I hoped to do well with everything that you asked,
As time went by, I tried hard to complete each task.
Overwhelming at first, tears rolled down my cheek,
Still I kept pursuing, and tried hard continuing to speak.
Bottled up feelings that never want to be let out,
Yet somethings were said, so there wouldn’t be any doubt.
Different topics came up that were most enjoyable to hear,
And things never known about people so very dear.

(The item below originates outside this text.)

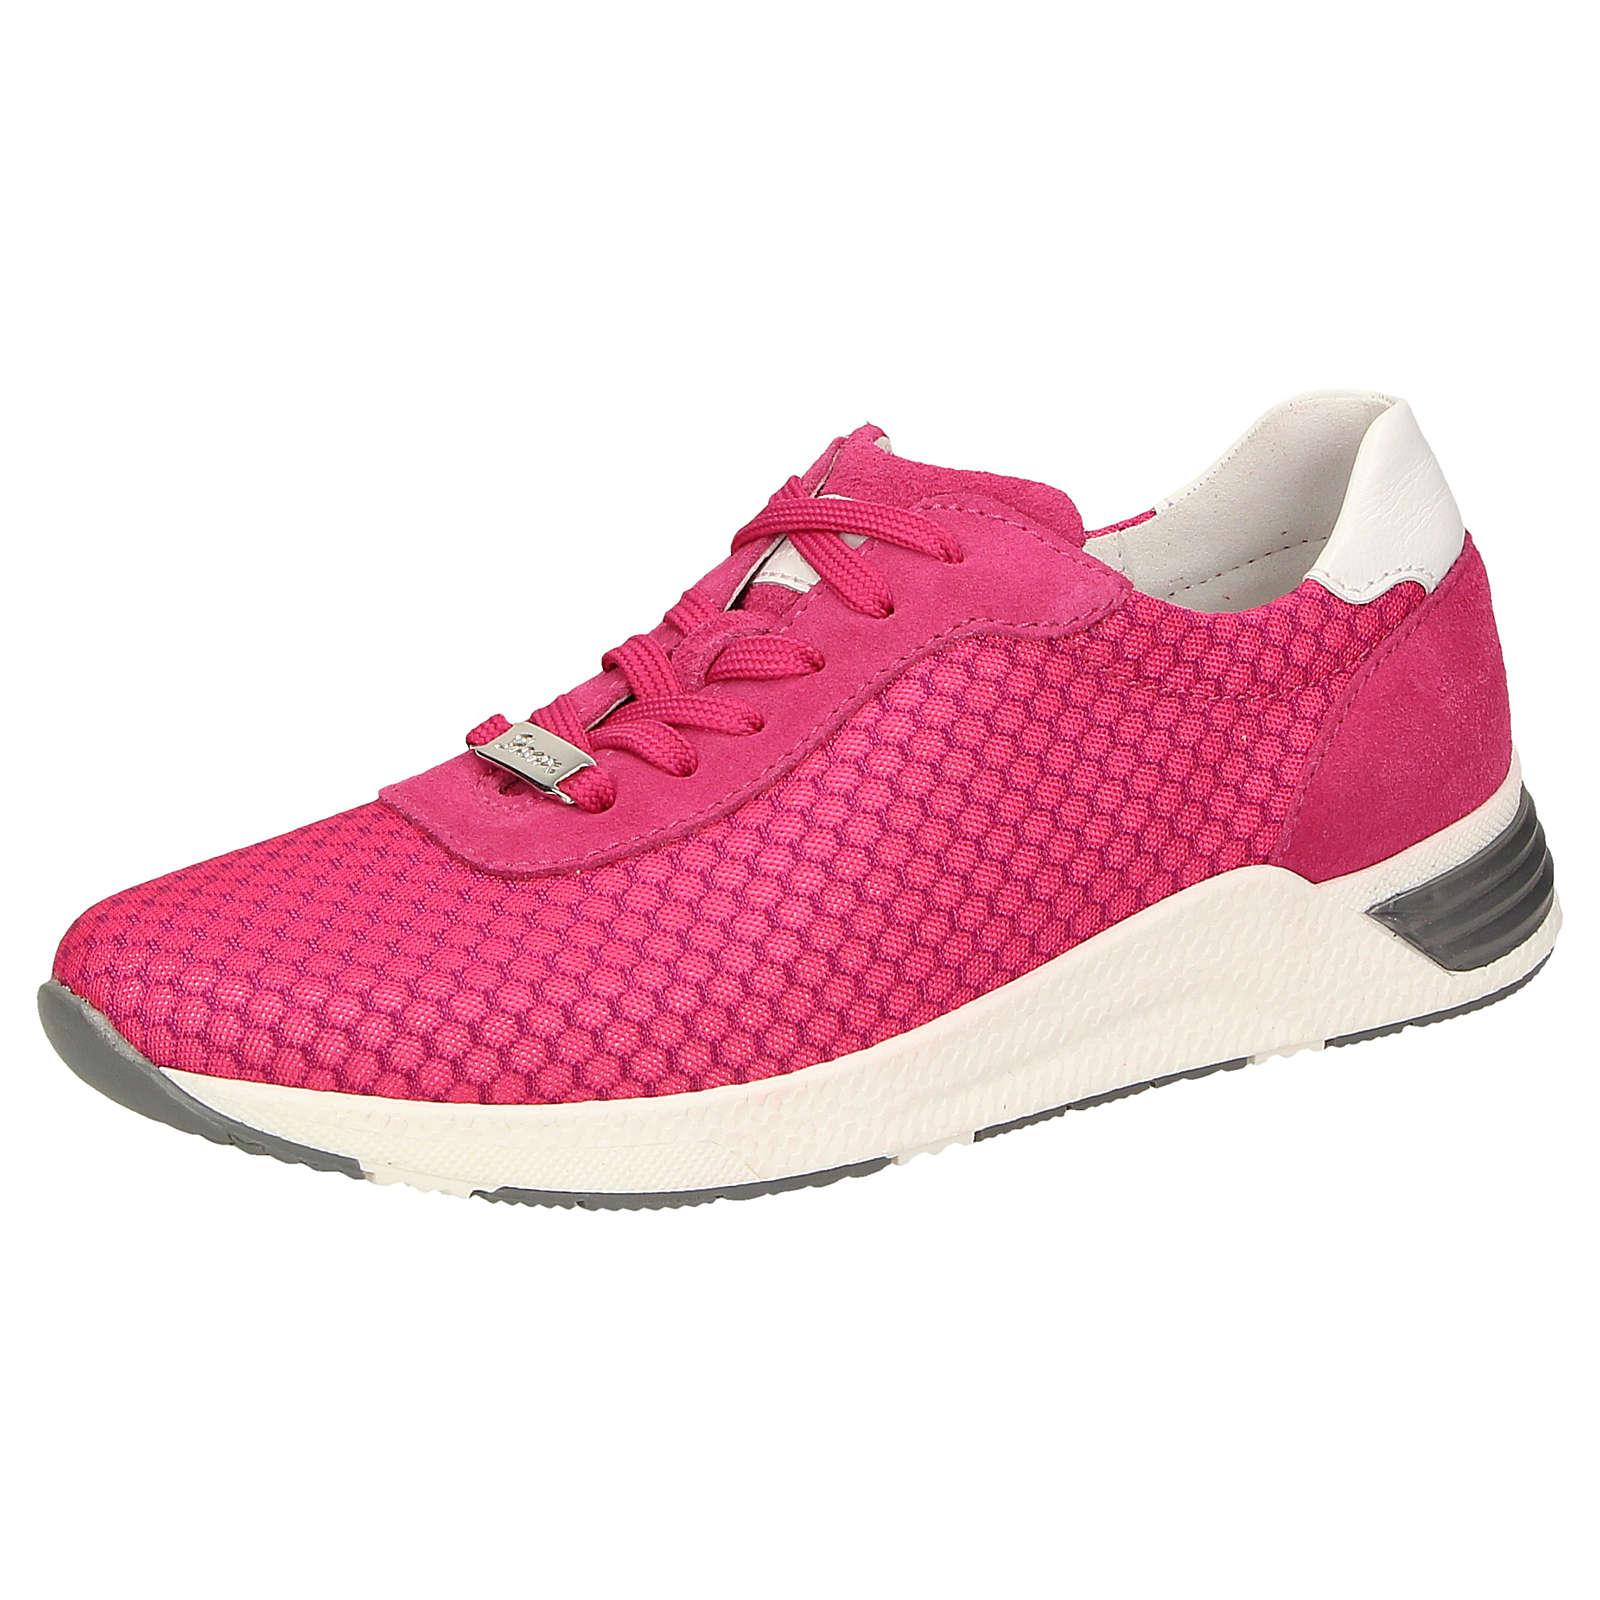 Sioux Sneaker Natovia-700 Sneakers Low pink Damen Gr. 38

At my first attempt, I feared that you would be,
Quite upset, or rather, just disappointed in me.
As the days passed, that disappointment faded away,
And I no longer worried about the upcoming day.
Then the day came and the sorrow was brought,
But not for the same reasons I had thought.
You seemed in such need, how could I have been so blind?
To go away, leaving you feeling a bit left behind.
You never seem to be how you say, I should have stayed by your side,
Instead I left you to feel nothing but alone deep inside.
I would have liked to help in any way that I could,
So I pray that you will forgive me, as I know I should.
I hope you know that I enjoy every moment we share,
So I hope it did not seem like I no longer care.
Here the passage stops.